4
votes

I am currently exploring Cassandra in Depth as I am willing to specialize in it. I came across Cassandra "write path" and now trying to understand the Commit Logs. As I understand the write is acknowledged when it is written to the Commit Log, first, then to MemTable ( An in memory table ). But, if commit logs are written to the FILE SYSTEM, so as SSTables. What is the magical thing that makes writing to commit logs faster or as it is stated in many posts and documentations

A write is said to successful once it is written to the commit log and memory, so there is very minimal disk I/O at the time of write

Why it is not written to SSTable and MemTable to be considered successful ?

3
I also have the same question.
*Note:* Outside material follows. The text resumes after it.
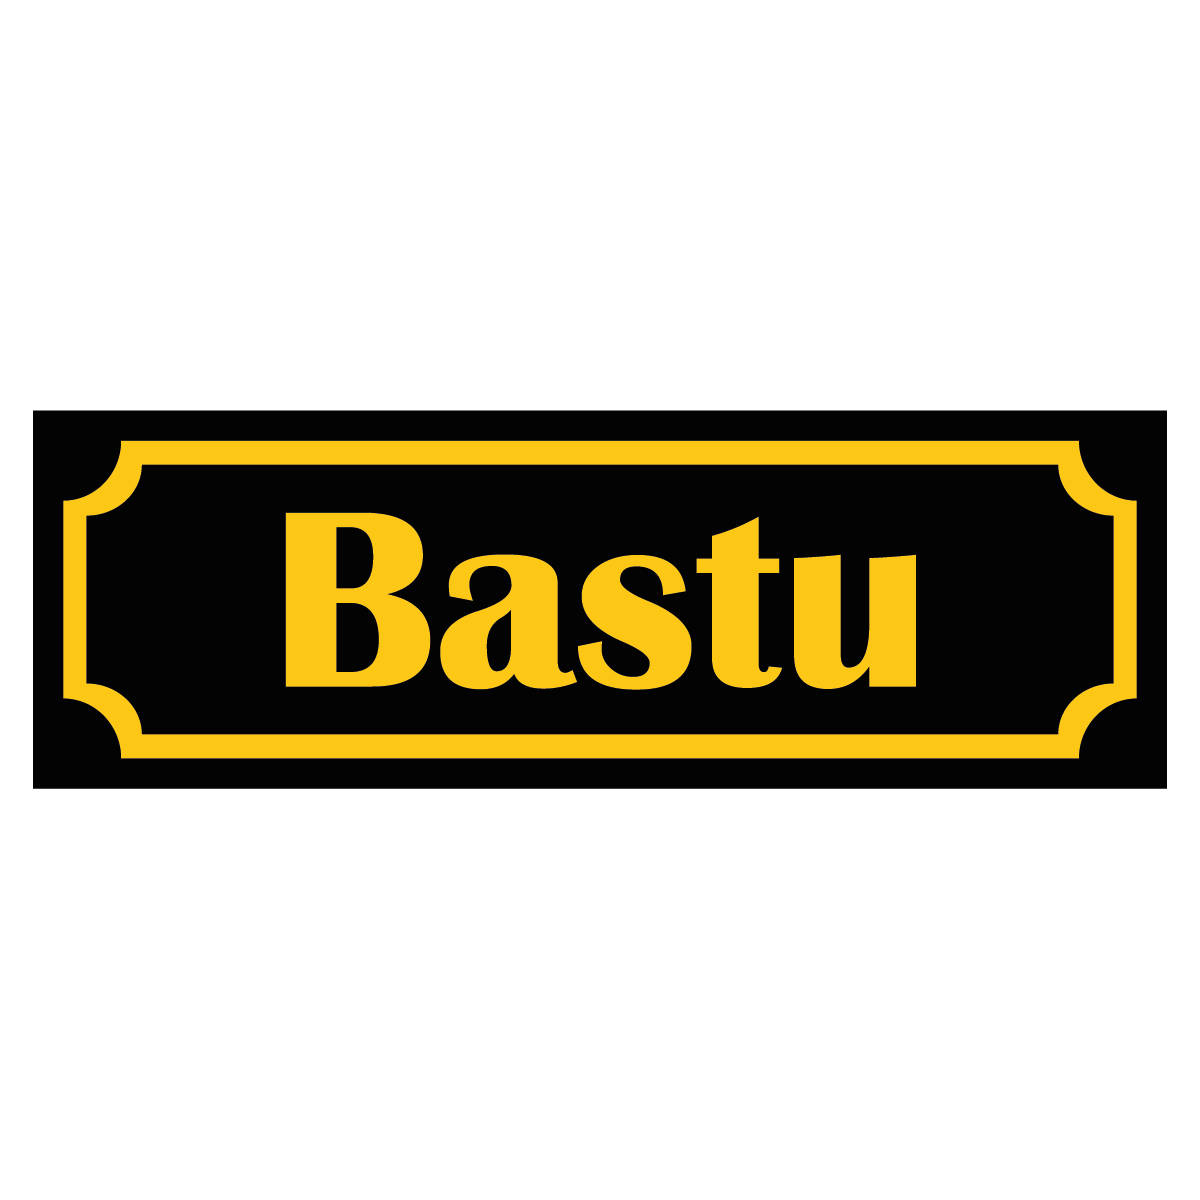 Bastu - Skylt - 150x50mm - Svart - Gul

Writing to commit log might degrade the write performance of Cassandra, right? Why is it not a bottleneck in the write path of Cassandra? Anyone please help answer this! - duong_dajgja

3 Answers

5
votes

SSTables are immutable, so appending to them would be impossible. Therefore writes are sent to both a memtable and the commit log (for durability). Under normal operations the memtable is periodically flushed to disk as an SSTable, after which it is compacted with existing SSTables to make reads more efficient. The commit log is only replayed on node restart to recover writes that had not been flushed to SSTables.

3
votes

SSTables are created based on flushed memtables. While the commit log updates do happend periodically, the memtable flushing does not. That is because a memtable first needs to hit a certain treshold (ie. size) before getting written to disk. This makes sure that the created sstable will be large enough to be handled efficiently. In case memtables would be flushed periodically a couple of times a minute, we potentially end up with lots of tiny sstables that would have to be compacted again.

0
votes

Writing to Cassandra is so fast because writing to a log is already very fast, you are also adding to an in memory datastructure like a b tree or an avl tree which is referred to as a memtable. Memtables are sorted and when they get written to disk, SStables also remain sorted and thus making reading very efficient but not as fast as writing.

The point to note is that clients never touch the commit log. It's only purpose is for creating a backup. If your machine dies then all your data in the memtable is lost. So the machine then uses the commit log to replay back the memtable.

You want your reads to be fast and this is only possible by putting all the data sequentially which also makes it easier to cache data. If you were to write to SStable on every write disk, either you would have to do random reads making reads slow, or you will have to wait for the disk to rotate so that you do sequential writes.